Wednesday, 2:15 p.m.
LaTralla had wanted to question Katrina in the apartment, but Tagliotta was a big proponent of using the station house as a means of intimidation.
“I want lawyer,” Katrina said.
“Why do you need a lawyer?” Tagliotta asked. “Did you do something wrong?”
“I can have lawyer. Government pay for lawyer.”
“You’re absolutely right, Miss Lebchenko. When you’re arrested, you’re entitled to a lawyer, which the taxpayers pay for. You do know what a taxpayer is, right? Or maybe you don’t, since you don’t pay any taxes on the salary the Van Horns pay you.”
Katrina was taken off guard but stood firm. “I want lawyer.”
“OK, we’ll get you a lawyer. But first we’ll have to arrest you. In fact, why don’t we do a double arrest? I’ll arrest you right here for the kidnap and murder of Marius Van Horn. Detective LaTralla, call the IRS and have them send down an officer. He can arrest Miss Lebchenko for tax evasion at the same time.”
As LaTralla made a display of leaving the room, Tagliotta began unhooking his handcuffs from his waist.
“I love Marius, I do nothing wrong,” Katrina said firmly.
LaTralla jumped in at the perfect time—as always. “Miss Lebchenko, if you didn’t do anything wrong, then why would you choose to be arrested? Don’t you know how tough the government is getting with immigrants? Let’s suppose you’re innocent, which I’m sure you are. Do you really want an arrest on your record? And believe me, the Internal Revenue Service isn’t forgiving when people come to this country, use our services, and don’t pay any taxes.”
She’d said the magic words. Like Tagliotta, she’d never met a suspect who didn’t break when threatened with deportation or the IRS.
“No arrest. I will talk with you.”
“Katrina”—LaTralla had switched to a first-name basis for greater intimacy—“we have all the facts from the Moscow police. You were hired to care for Vassily Lednev. He drowned while in your care.”
“Bad things seem to happen to kids while you’re around,” Tagliotta put in.

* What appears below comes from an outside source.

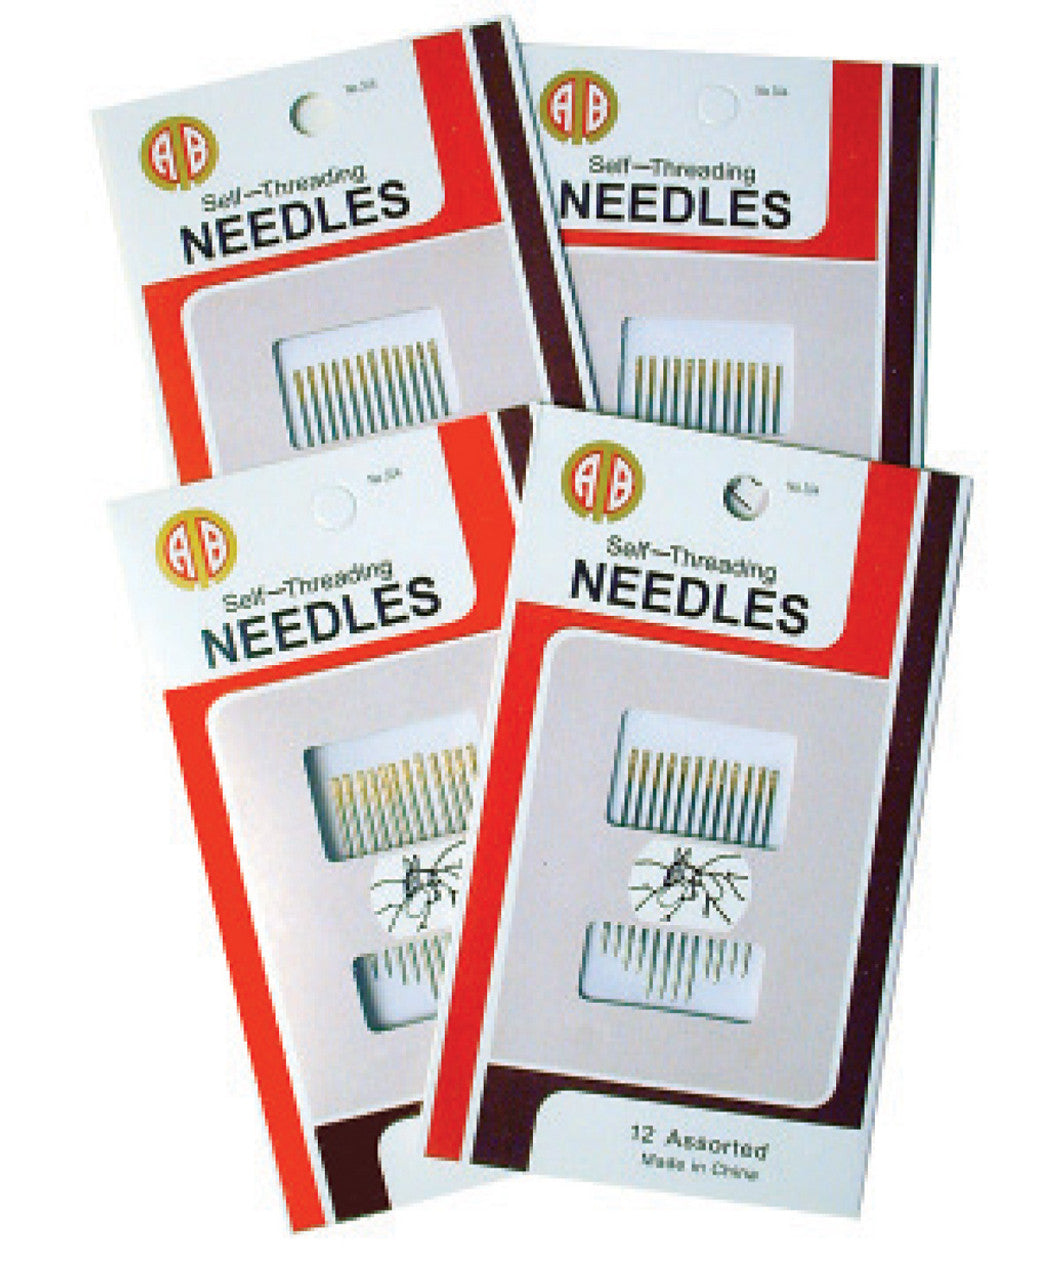 Six packages of #80 Sewing Machine Needles

“It was accident. I loved Vassily, he was like son to me.”
“But I’ve read the files,” Tagliotta said. “Everyone the police talked to said how much you hated Mr. and Mrs. Lednev. And the best way to get revenge on people you hate is by hurting their children.”
“It is true, I hated Lednev family. So much money, he was member of nomenklatura, they have huge apartment, big Mercedes, maid, cook, nanny, while my family starve, eight people in one-bedroom apartment! But I loved Vassily.”
“The police couldn’t prove he drowned by accident. They said someone could have held his head under the water.”
“That police man hates my family. He is enemy of my brother, he hates Sasha because Sasha date his sister but refuse to marry her because she is crazy. He likes to make trouble for my family.”
“So he made the whole thing up?” Tagliotta asked dryly.
Katrina glared at him. “You don’t know Russian police work. Ask anyone from Russia, they tell you. Police man try to embarrass me, ruin my family. My father have to sell everything to keep me from prison and send me to America.”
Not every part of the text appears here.